# [DATA SECTION]
--------------------
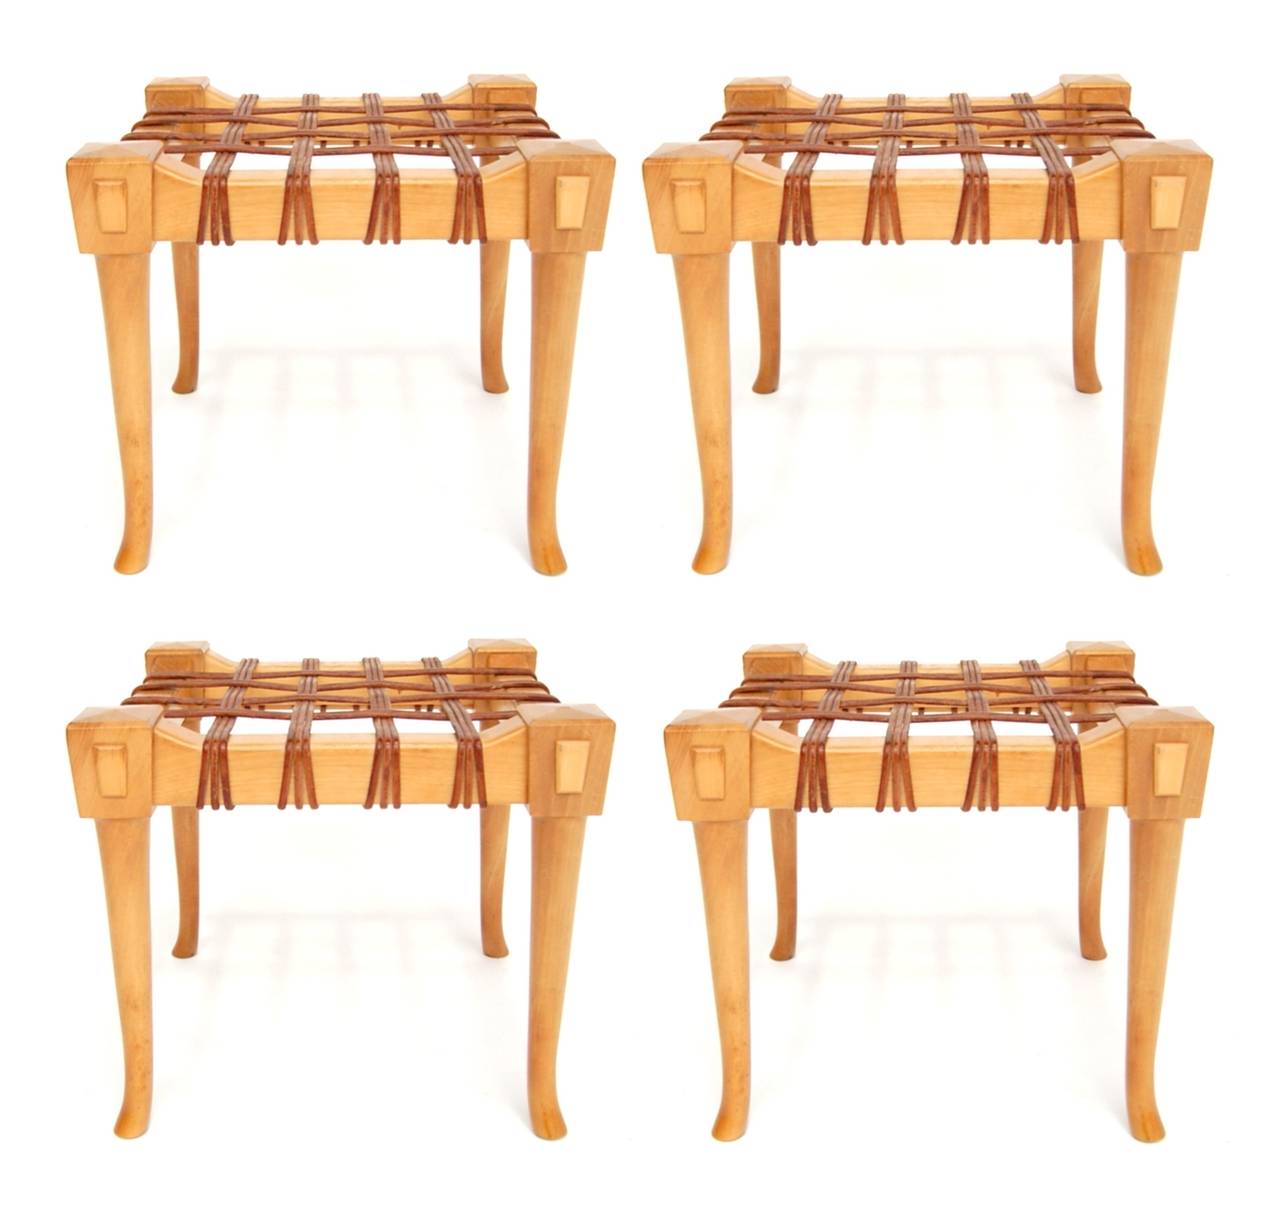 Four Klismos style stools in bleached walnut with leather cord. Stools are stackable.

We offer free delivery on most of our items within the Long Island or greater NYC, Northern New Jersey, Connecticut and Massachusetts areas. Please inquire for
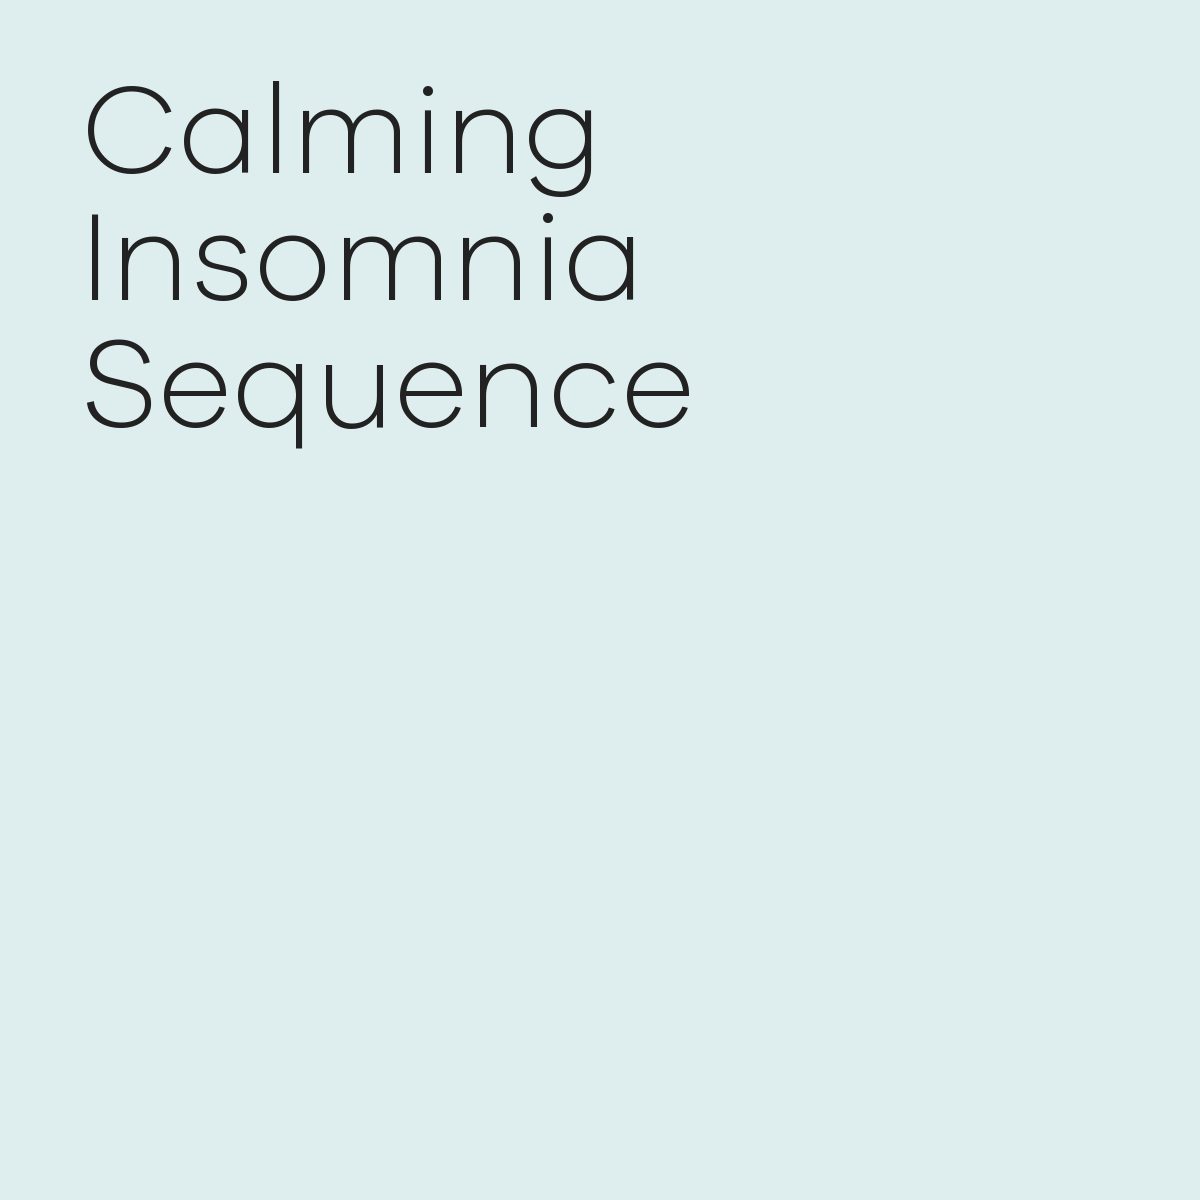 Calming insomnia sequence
--------------------
# [WHAT YOU NEED TO DO]
The listing above must be repeated exactly. Its pictures are not part of the copy.

# [EXERCISE RESULT]
 Four Klismos style stools in bleached walnut with leather cord. Stools are stackable.

We offer free delivery on most of our items within the Long Island or greater NYC, Northern New Jersey, Connecticut and Massachusetts areas. Please inquire for
 Calming insomnia sequence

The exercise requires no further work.